Effector cells of the innate immune system have diverse functions that can result in tumour inhibition or tumour progression. Activation of macrophages by CD40 ligation has been shown to induce antitumour effects in vitro and in vivo. Here we investigated the role of nitric oxide (NO) and tumour necrosis factor-alpha (TNF-alpha) as mediators in the tumoristatic effects of murine peritoneal macrophages activated with agonistic anti-CD40 monoclonal antibody (alphaCD40) alone and following further stimulation with bacterial lipopolysaccharide (LPS).
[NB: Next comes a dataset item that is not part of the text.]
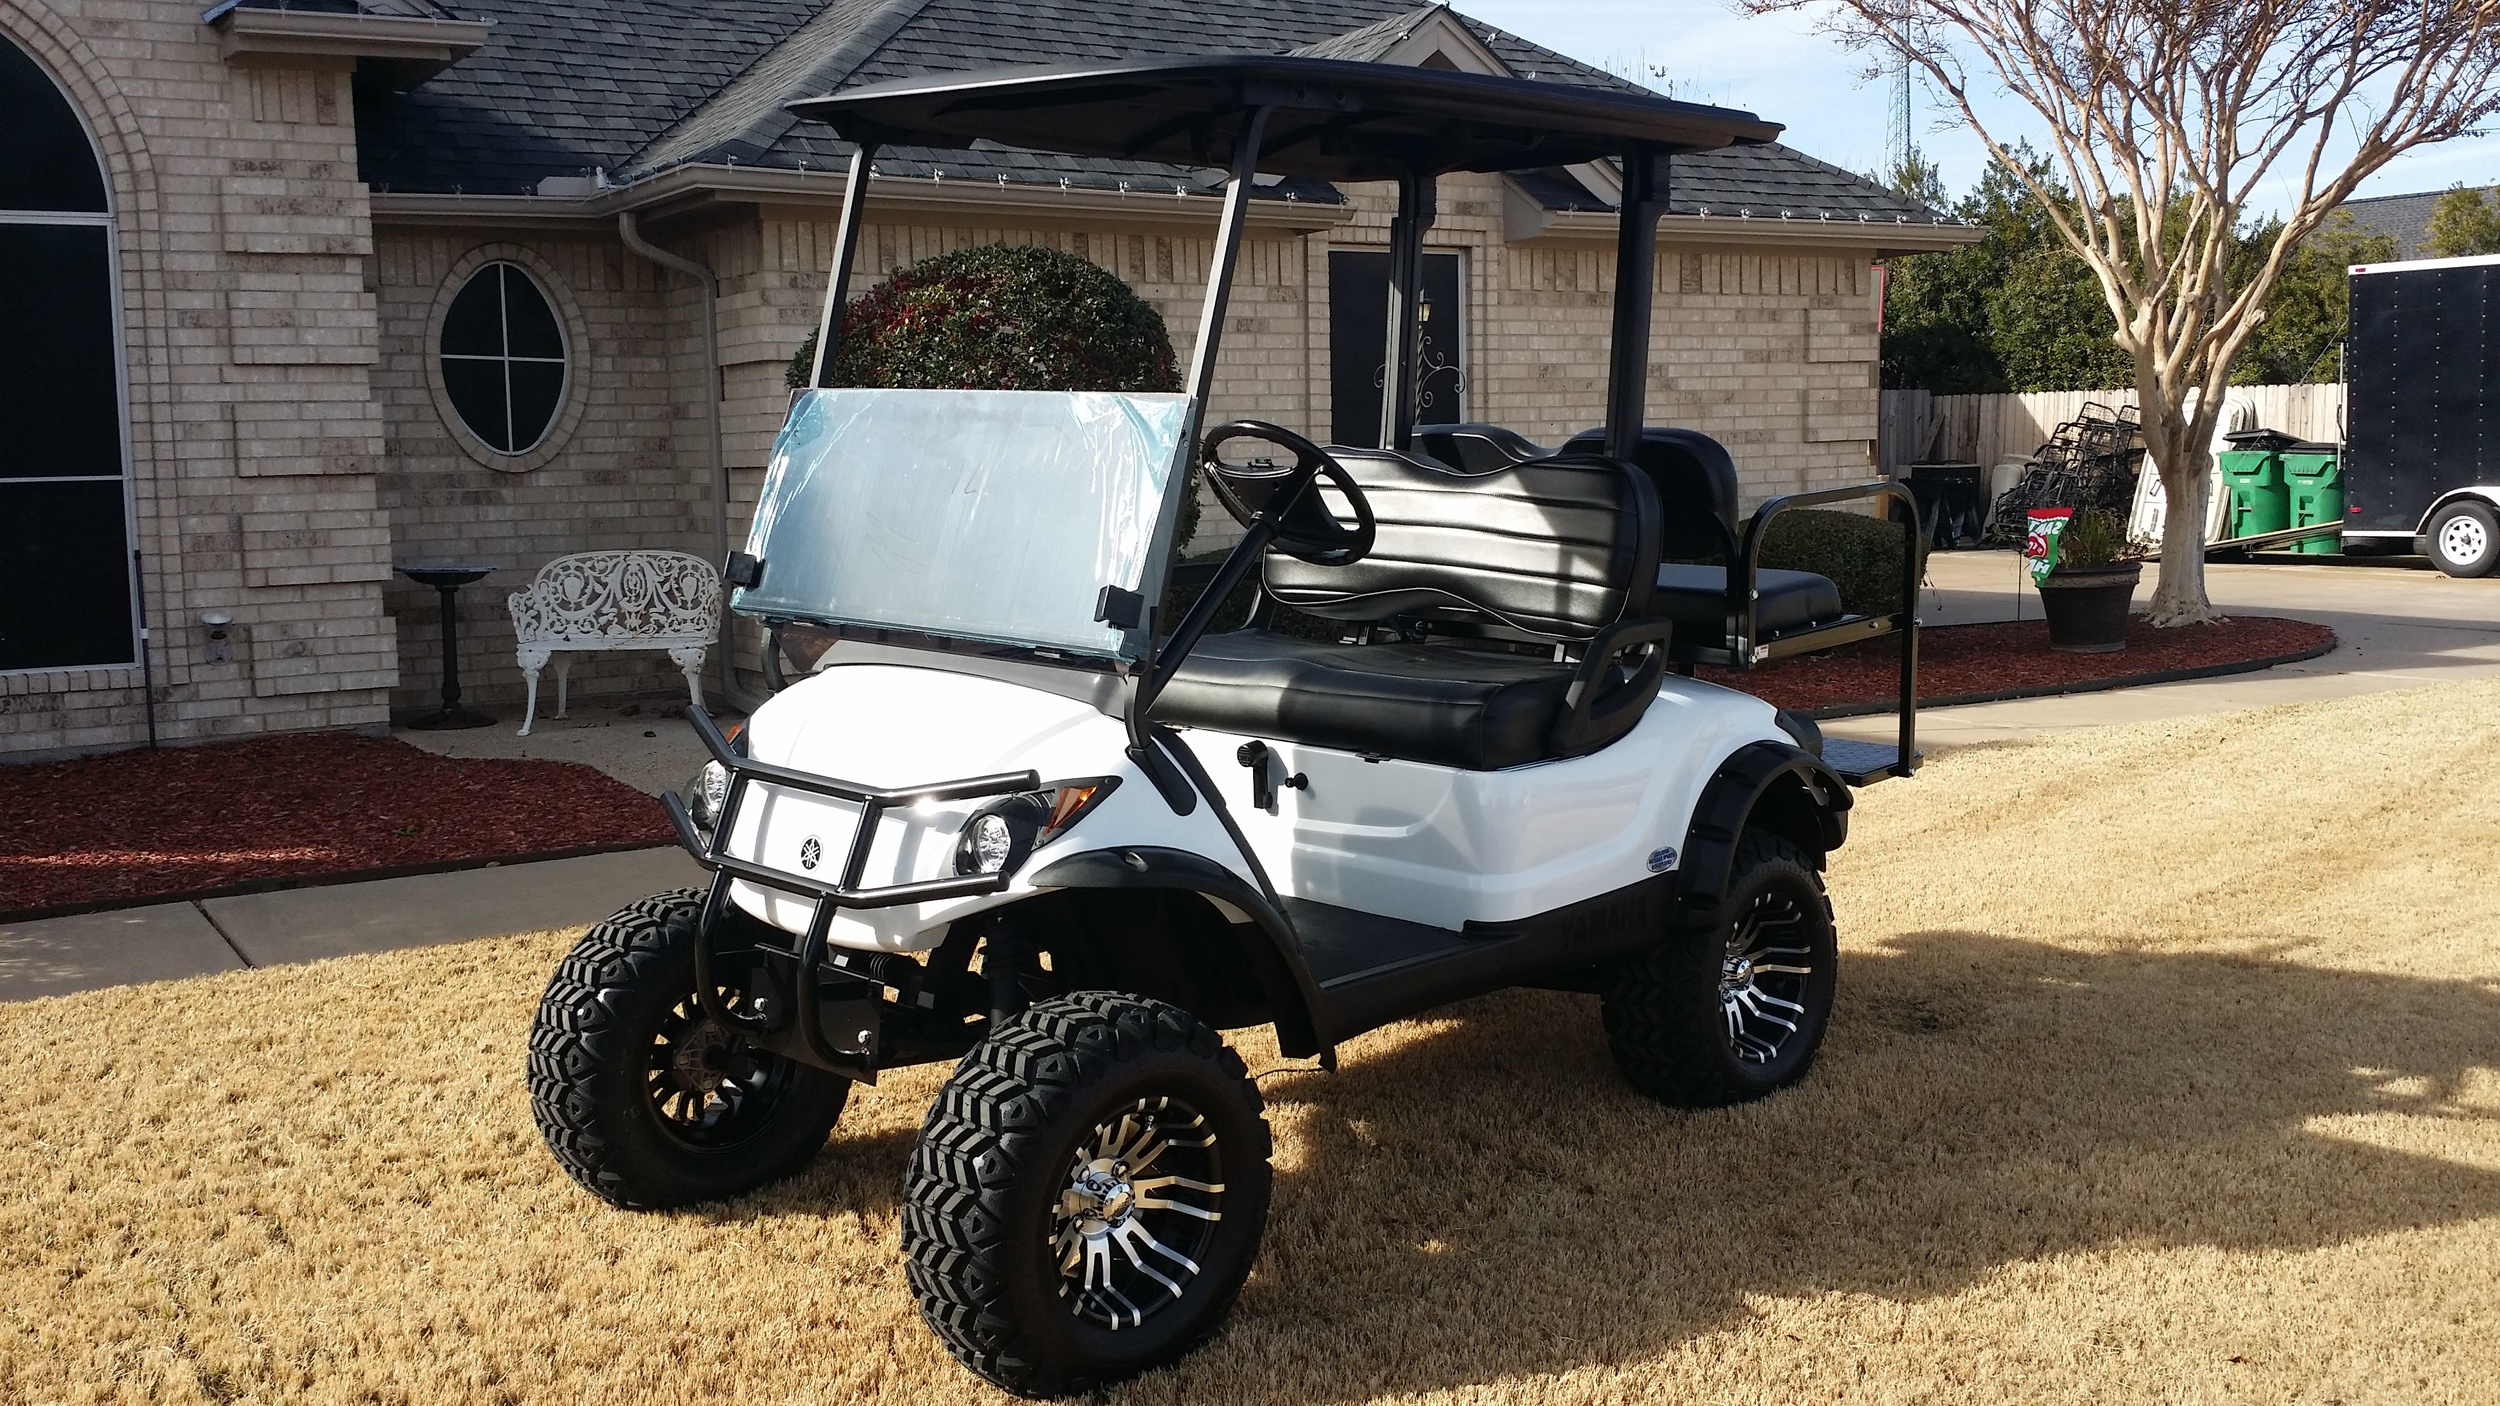 Burleson Outdoor Sports on bag boy cart parts, yamaha auto parts, yamaha rhino 4 seater, yamaha utv parts, yamaha u max utility cart, yamaha volt, yamaha rhino 3 inch lift, yamaha chopper parts, yamaha fz1 parts, yamaha parts diagram, golf bag parts, yamaha beverage cart, golf car parts, ezgo cart parts, yamaha performance parts, hdk golf carts parts, yamaha rhino 1000, yamaha plow parts,

We found that macrophages activated in vivo by alphaCD40 exhibited tumoristatic activity in vitro against B16 melanoma cells; the tumoristatic effect correlated with the level of NO production and was enhanced by LPS. Use of the NO inhibitor L-nitro-arginine-methyl esterase (L-NAME) and evaluation of macrophages from inducible NO synthase (iNOS)-knockout (KO) mice following alphaCD40 activation showed reduced tumoristatic activity. CD40 ligation enhanced expression of TNF-alpha. Macrophage tumoristatic activity following alphaCD40 treatment was reduced by TNF-alpha mAb or use of macrophages from TNF-alpha-KO mice. However, further stimulation of alphaCD40-activated macrophages with LPS resulted in strong tumoristatic activity that was much less dependent on NO or TNF-alpha. Taken together, these results suggest that NO and TNF-alpha are involved in, but not solely responsible for, the antitumour effects of macrophages after activation by CD40 ligation.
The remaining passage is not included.